Totally with Zoogal on what happened here.
 
He wanted a threesome with a 16 year old girl and then became aggressive ending up in this type of rape. It shows calculation, determination, aggression and awareness.

This is so true. He SO wasn't triggered. Just look at what you told us, Orion:

(1) He was cheating on his wife
(2) He wanted sex with a 16 year old - a 16 year old who he saw as "weak", as you say yourself Orion
(3) He wanted three-way sex
(4) He was manipulating a 21 year old to help him
(5) He was angered by you exercising your right to say no
(6) He violently assaulted you


It sounds like your mother was not there for you at all. She allowed you to see the psychopath. Even if she didn't know exactly what you were going through, she sure wasn't checking up on you, and I have little doubt that there were signs of abuse to which she turned a blind eye. She let you drop out of school. She let you be rail thin. At 16, she gave you the freedom to spend time with a 25 year old.

I actually can understand how you don't feel anger at the 25 year old. Your emotional response system was hijacked by the psycho. By the time the 25 year old came around, you were already defeated so you felt "meh, who cares". After all, what's one humiliation compared to living with abuse day in and day out.

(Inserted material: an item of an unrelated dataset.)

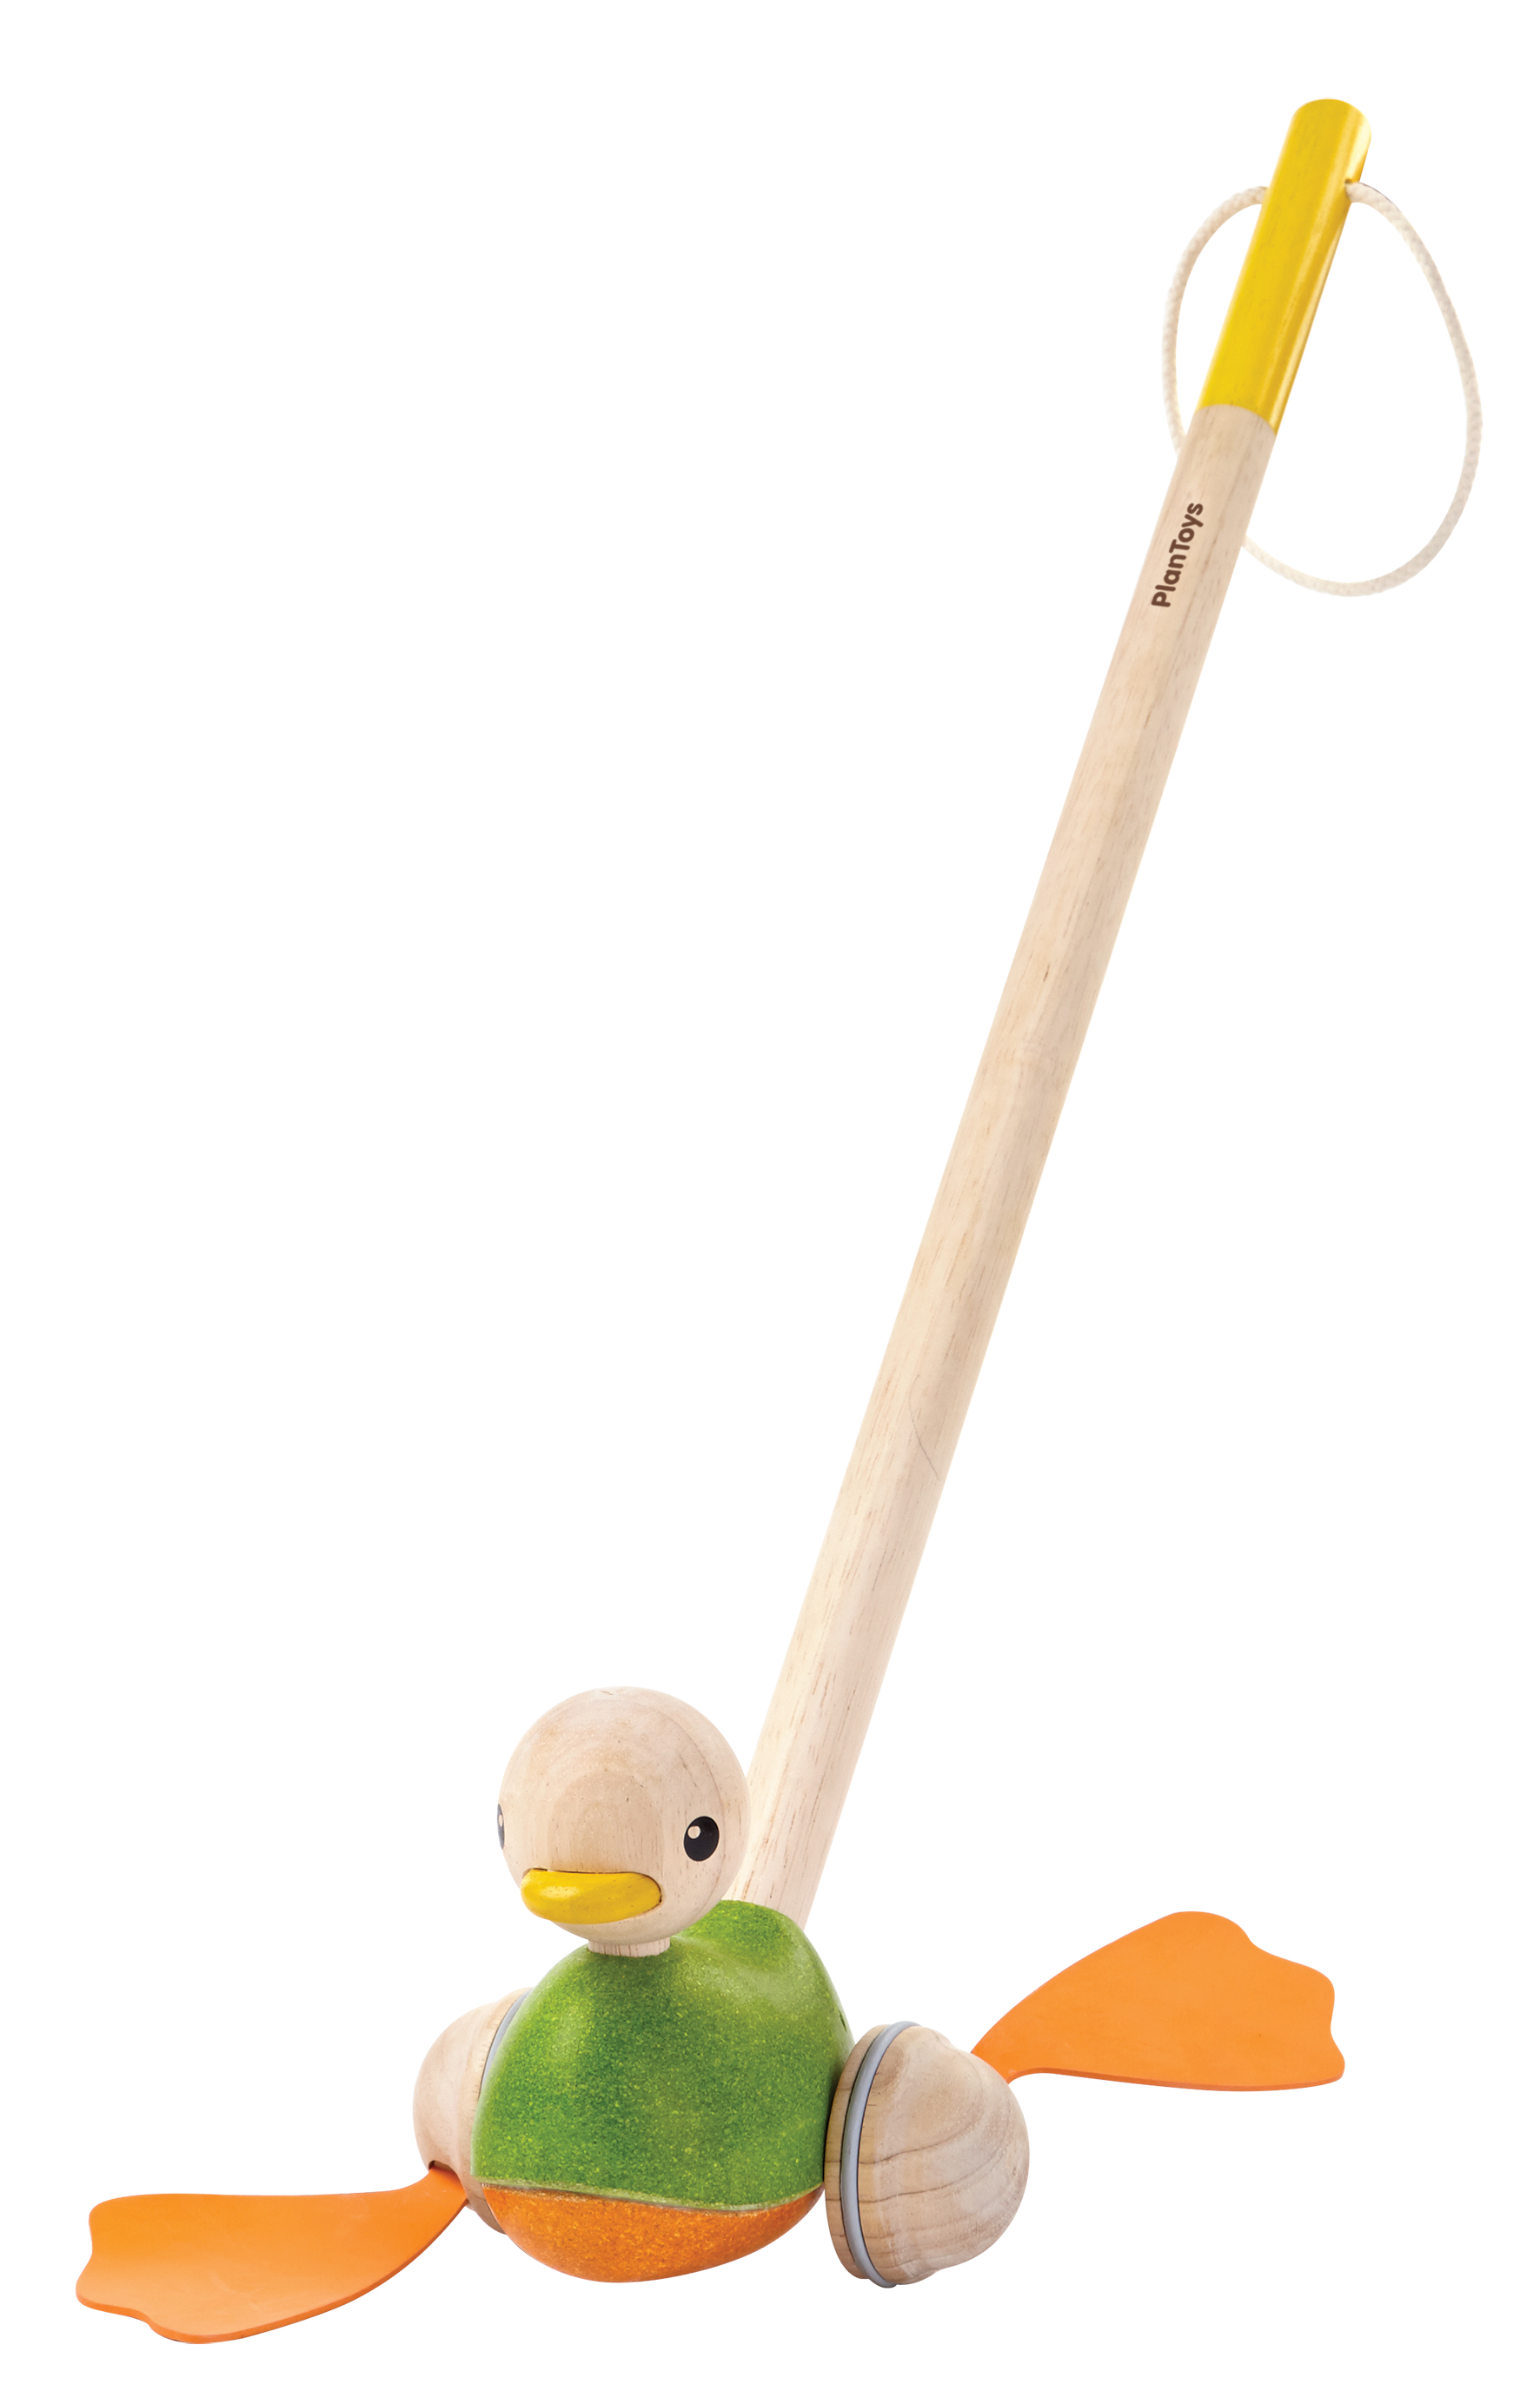 PlanToys Push-Along Duck ของเล่นไม้เป็ดน้อยเตาะแตะ ของเล่นประเภทลากจูงช่วยฝึกเดิน เหมาะสำหรับเด็กอายุ 12 เดือนขึ้นไป

The real damage was done by your mother and by the psycho. If you find your rage against them and work through it, then you can decide at that time whether you want to look at the anal rape differently. For now, I think that analyzing the rape is not going to get you anywhere. Even if you are seeing it more clearly now than you were before, you are not in the right frame of mind to work through it. First things first.